> About this task:
Once the line containing "Plexiglas® Zuschnitte - gleichseitige" is found in the entries below, restate it and each following line word for word, stopping after the line containing "中乙联赛赛程赛制公布 每组前两名晋级争中甲资格".

> Data under study:
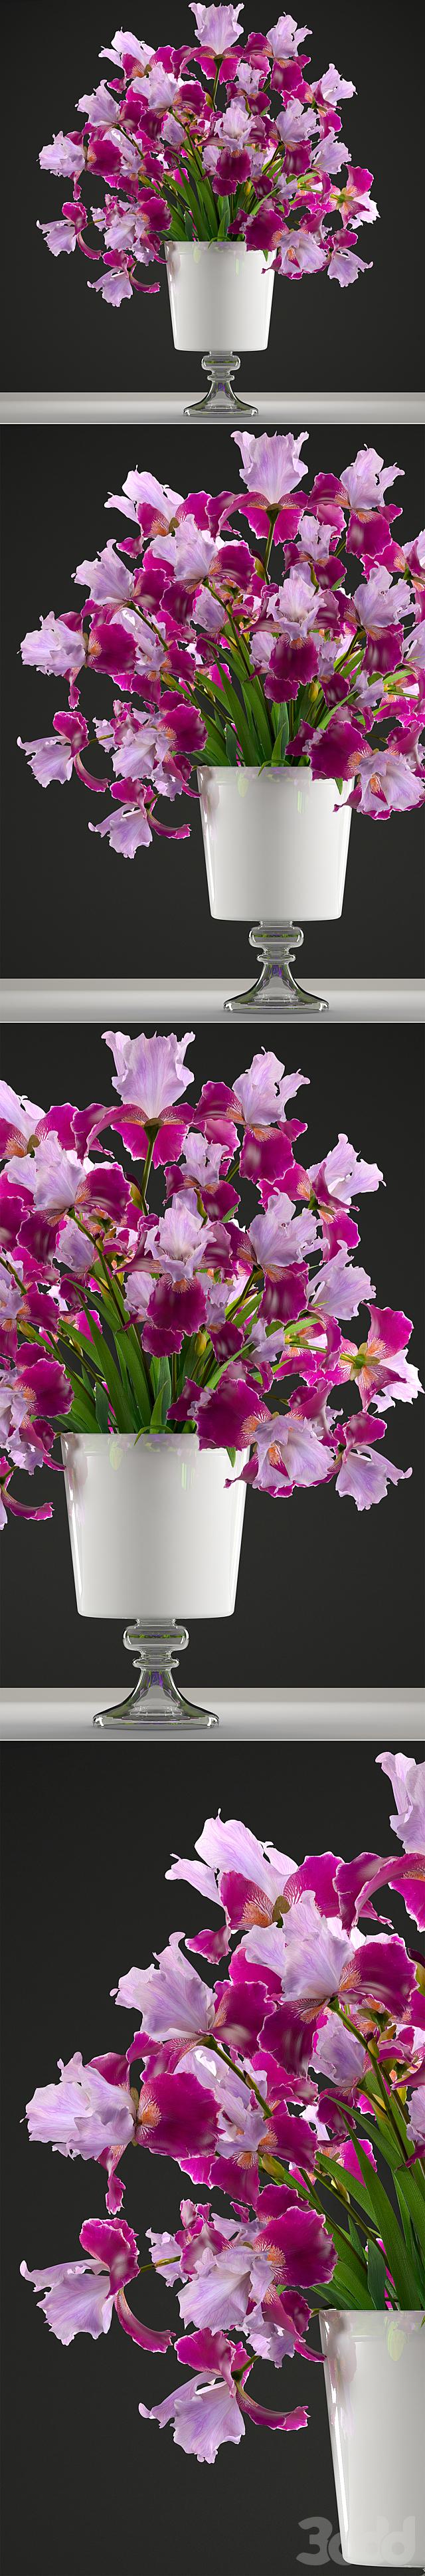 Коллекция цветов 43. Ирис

--

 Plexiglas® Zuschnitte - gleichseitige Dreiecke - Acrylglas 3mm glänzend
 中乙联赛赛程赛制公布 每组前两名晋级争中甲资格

---

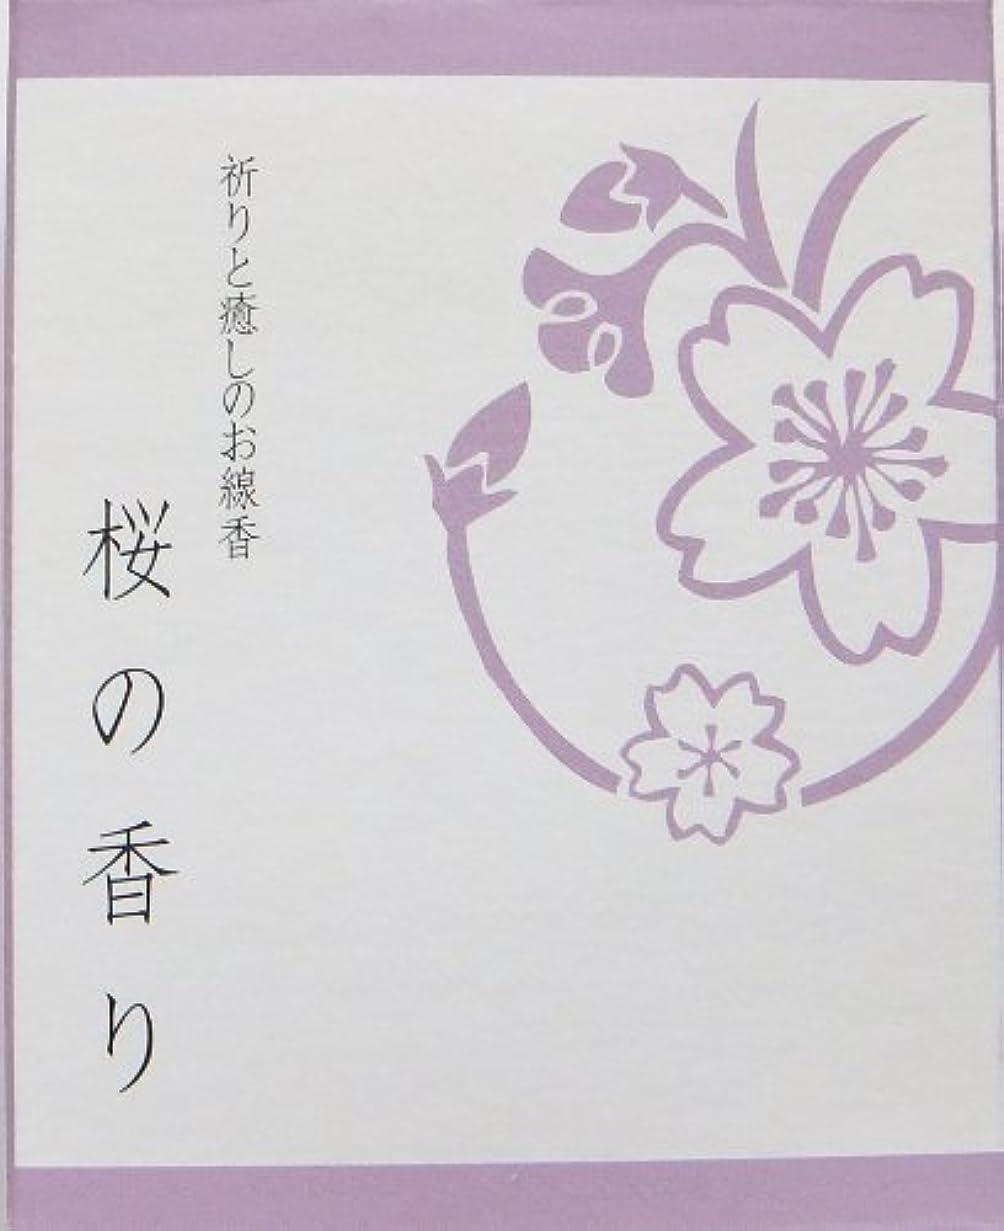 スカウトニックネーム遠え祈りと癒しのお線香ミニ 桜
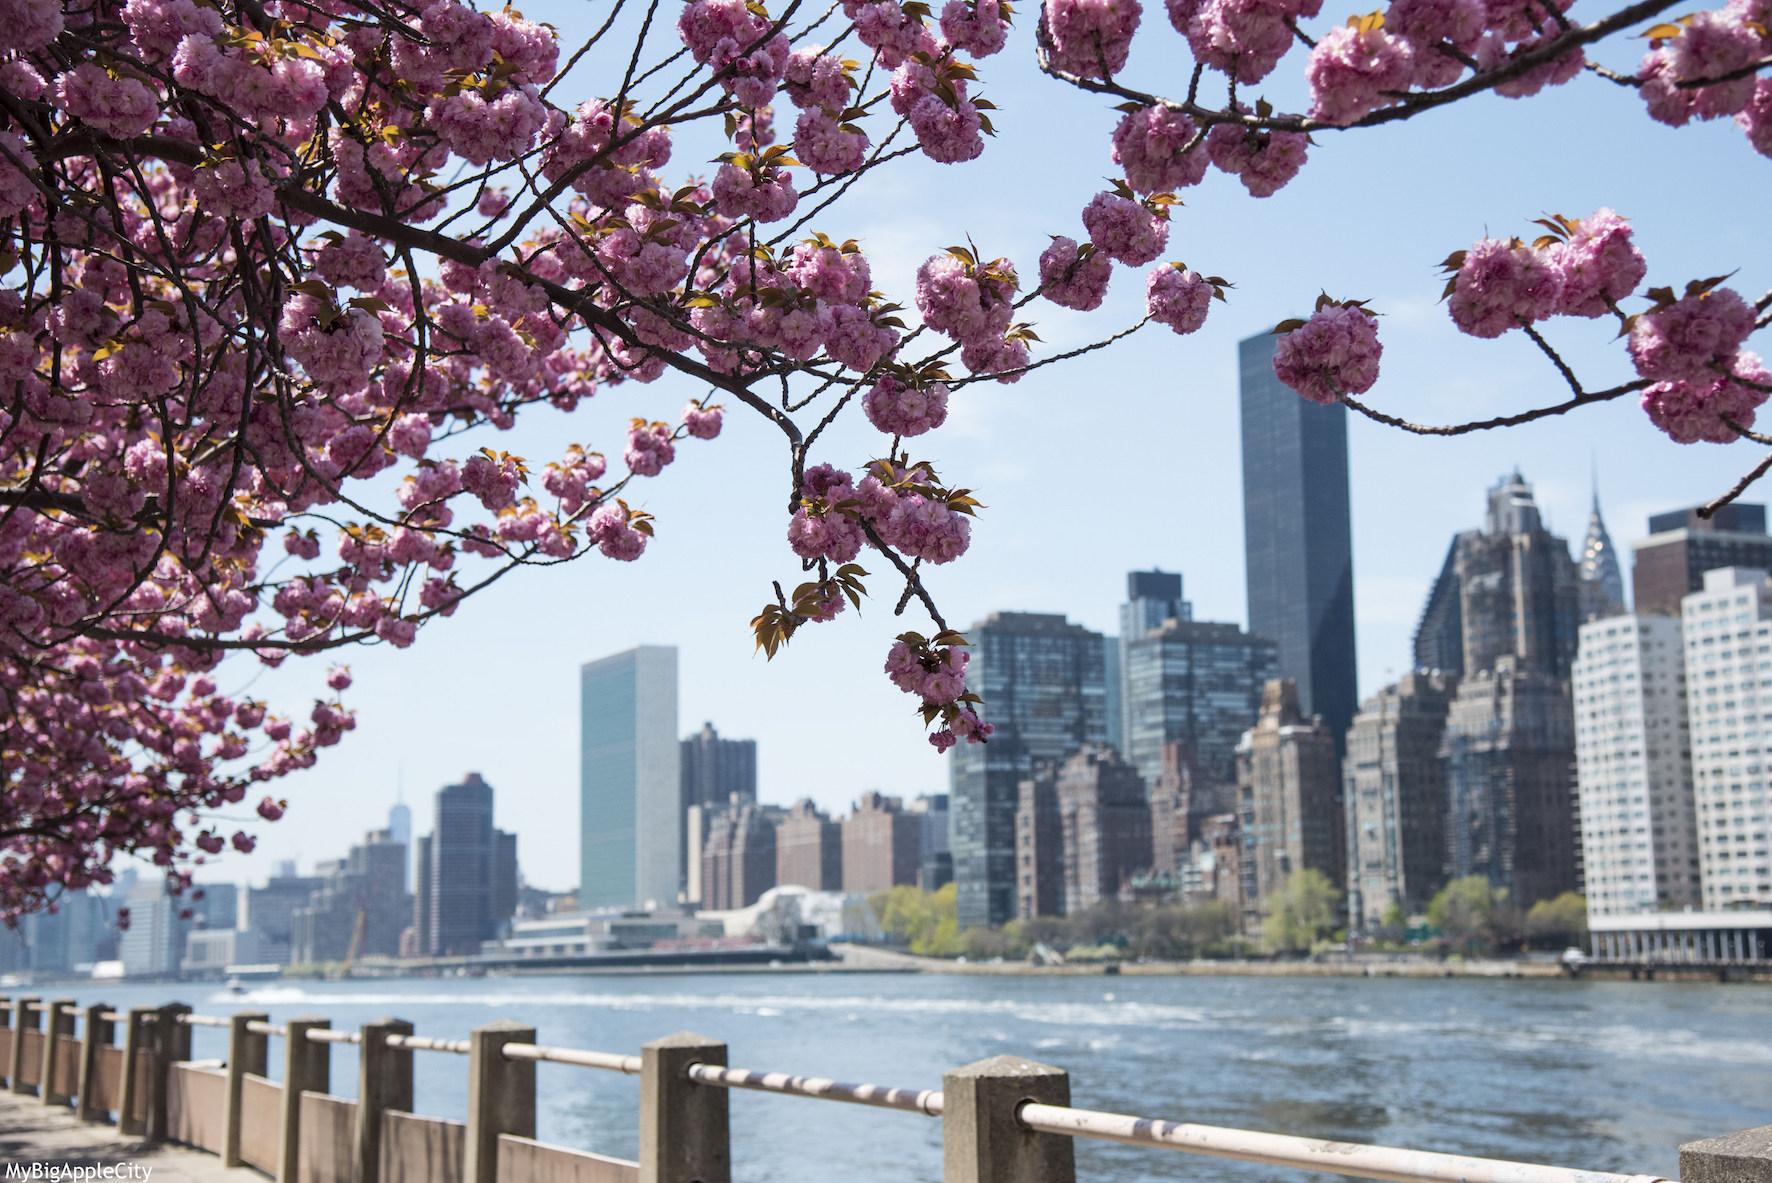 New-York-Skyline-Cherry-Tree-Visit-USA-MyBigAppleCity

> Solution:
 Plexiglas® Zuschnitte - gleichseitige Dreiecke - Acrylglas 3mm glänzend
 中乙联赛赛程赛制公布 每组前两名晋级争中甲资格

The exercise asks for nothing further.